Four Arab oil-producing countries have invested three to four times more in U.S. corporations, real estate and other assets than the Treasury Department admits, House investigators were told yesterday.

According to the Treasury, such combined governmental and private investment through 1980 totaled $51.3 billion. But David T. Mizrahi, editor and publisher of MidEast Report, a New York-based newsletter, testified that the total ranges from $150 billion to $200 billion.

Mizrahi said Saudi Arabia may account for $100 billion, Kuwait for almost $55 billion and the United Arab Emirates for $40 billion to $45 billion. He gave no figure for Qatar.

In 1975 the Treasury reached a unique understanding with Saudi Arabia to preserve secrecy about U.S. holdings by the Middle Eastern members of the Organization of Petroleum Exporting Countries (OPEC). The Treasury's technique is to group the OPEC countries under the heading "Other Asia."

In addition, Treasury asked the CIA to withhold nation-by-nation investment data from Congress. CIA compliance, the House Goverment Operations Committee said in a 1980 report, "appears to violate" an executive order requiring it to provide Congress with "national foreign intelligence information."

Mizrahi was unable to document his figures, telling Rep. Benjamin S. Rosenthal (D-N.Y.), chairman of Government Operations' subcommittee on commerce, consumer and monetary affairs, only that his data came from "Arab sources," including "one of the highest financial sources in the Persian Gulf."

That the Treasury is drastically understating reality was not disputed by subcommittee members and staff, for reasons such as:

* A Commerce Department admission that it knew neither the sources nor destinations of $60 billion that flowed into the United States in 1979 and 1980. "This is ridiculous," C. Fred Bergsten, Treasury's former assistant secretary for international affairs, said in a March 1980 memo. "Do we have any idea what is causing this? Can any new research help?" His successor, Marc E. Leland, is to testify today.

* A Securities Industries Association statement, filed with the subcommittee, cited "serious" shortcomings in Treasury's data-gathering and "not infrequent" clerical errors and non-reporting by firms supposed to list capital flows for the Treasury.

* Channeling of what Mizrahi termed "a good portion of the investments" through third parties, including foreign banks and companies established in the Cayman Islands, St. Vincent, other places in the Caribbean region, Luxembourg, Liechtenstein and Panama.

* A $5 billion gap between the Treasury's original $8 billion estimate of the true amount of Iranian assets and investments in this country and a subsequent estimate by a former Treasury official of $13 billion.

In other testimony, Christopher Story of London, editor and publisher of International Currency Review, said Saudi Arabia reimburses the Treasury for the salaries of about 30 employes despite a law that appears to require that they be paid "from appropriations." The Treasury did not respond to a request for comment.

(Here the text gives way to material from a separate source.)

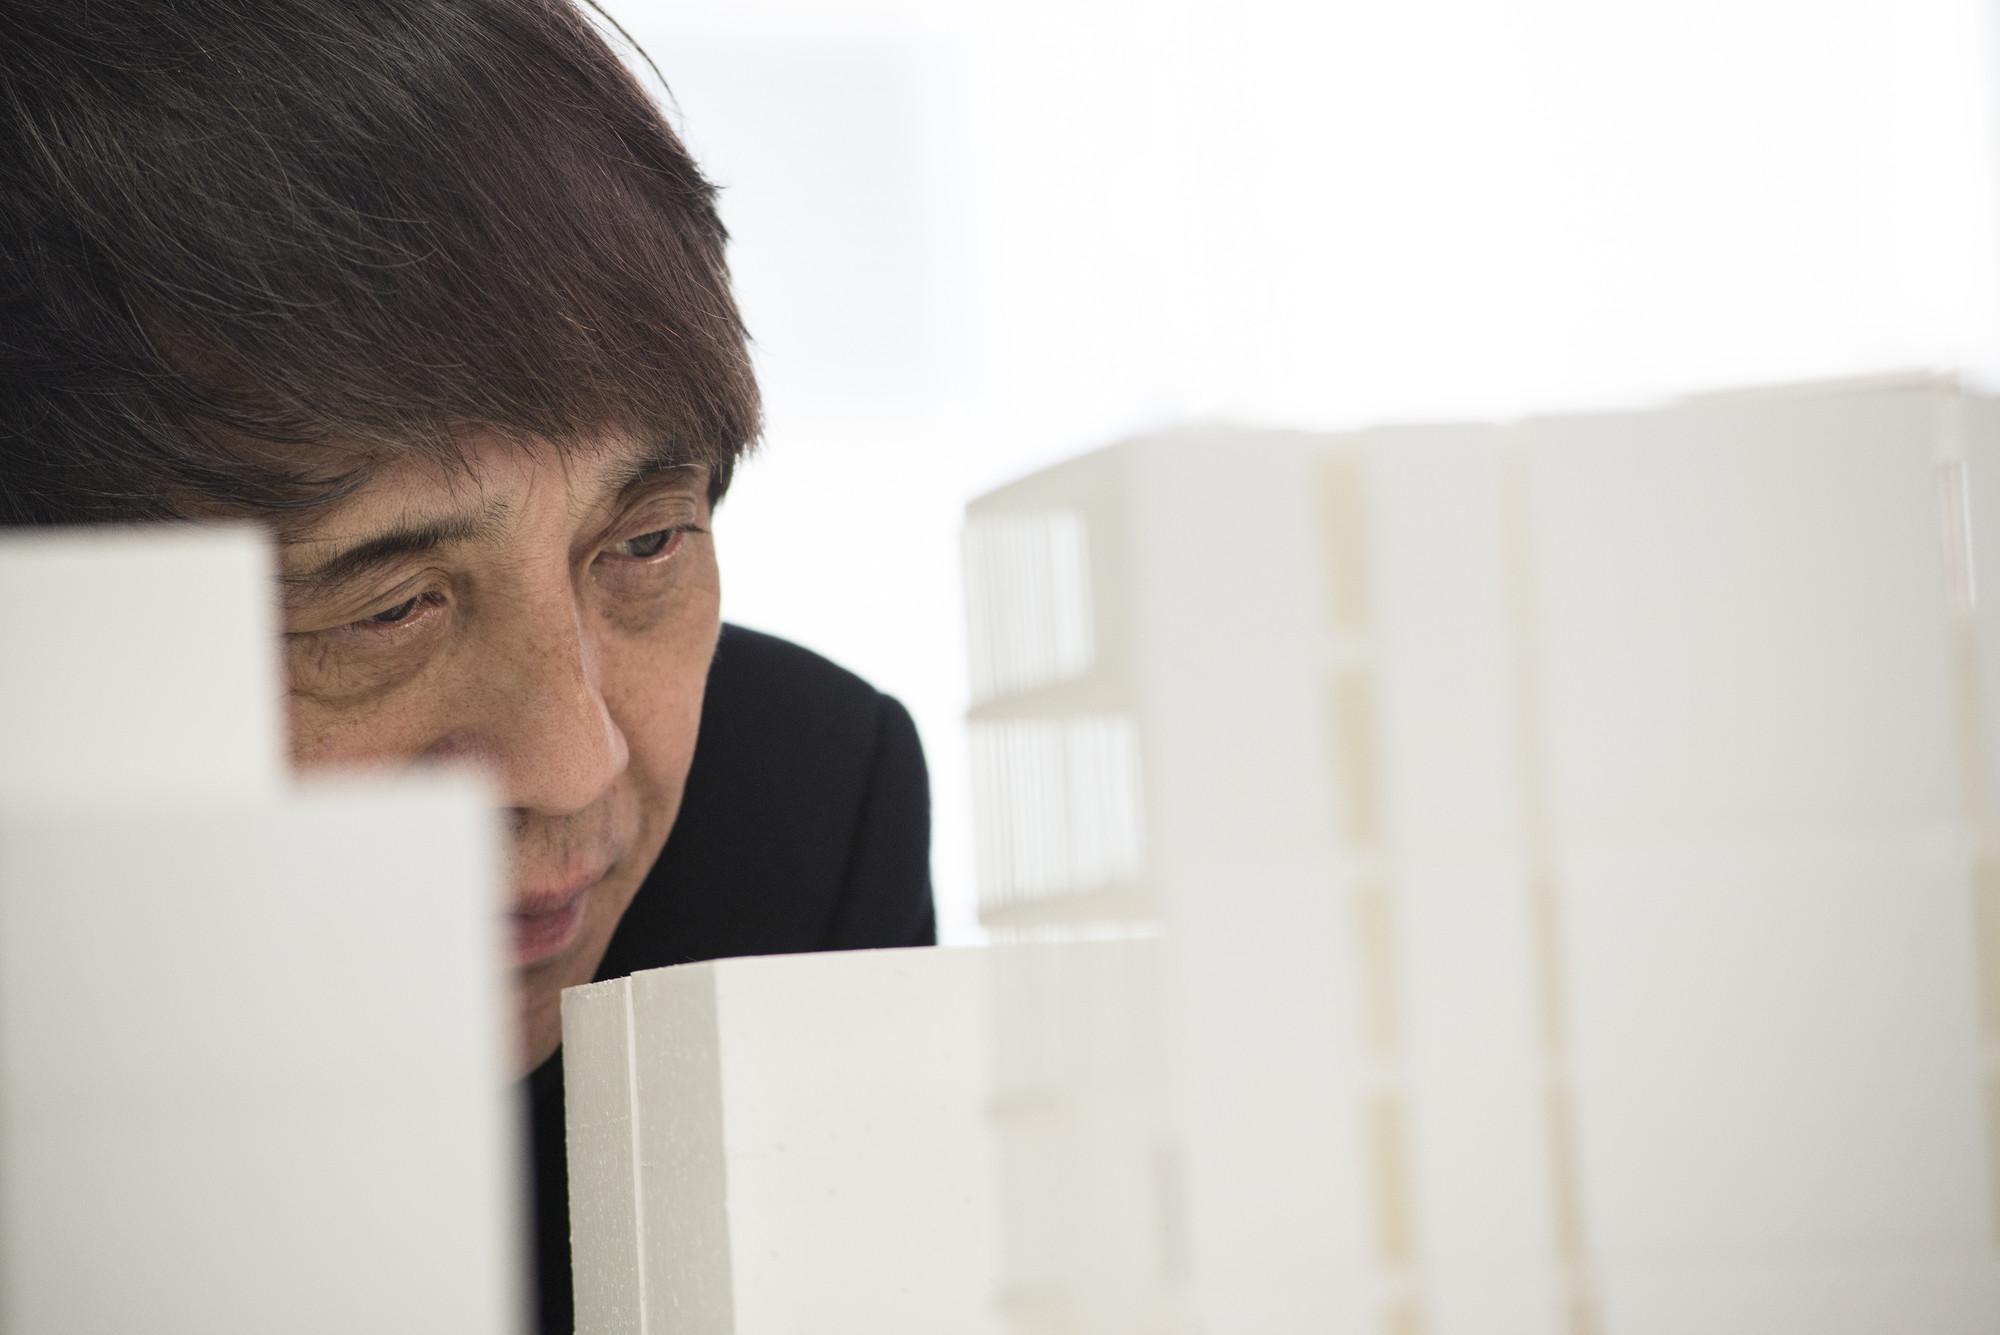 Tadao Ando to Design First New York City Building, Courtesy of Tadao Ando Architect & Associates

Story said the Washington work of the U.S.-Saudi Joint Commission on Economic Cooperation, set up in 1974 by then secretary of state Henry A. Kissinger and Prince Fahd to help the Saudis invest their oil revenues, is done by the Treasury's Office of Saudi Arabia Affairs. In Riyadh, he said, the work is done by the office of the U.S. representative.

Under a 1975 agreement, Story continued, the two offices' expenses are met by a trust fund established by Saudi Arabia and held by Treasury. As of last May 31, the fund had paid out $434 million and had $168 million on deposit.

In a 74-page statement, Story estimated, on the basis of Department of Energy oil price projections, that Saudia Arabia's earnings from oil exports in 1981-1989 will total $1.69 trillion, compared with $369.9 billion between 1955 and 1980.

He also cited a secret 1978 CIA memo as a basis for asserting that, in the event of a financial crisis, the United States "stands ready to freeze" Saudi holdings.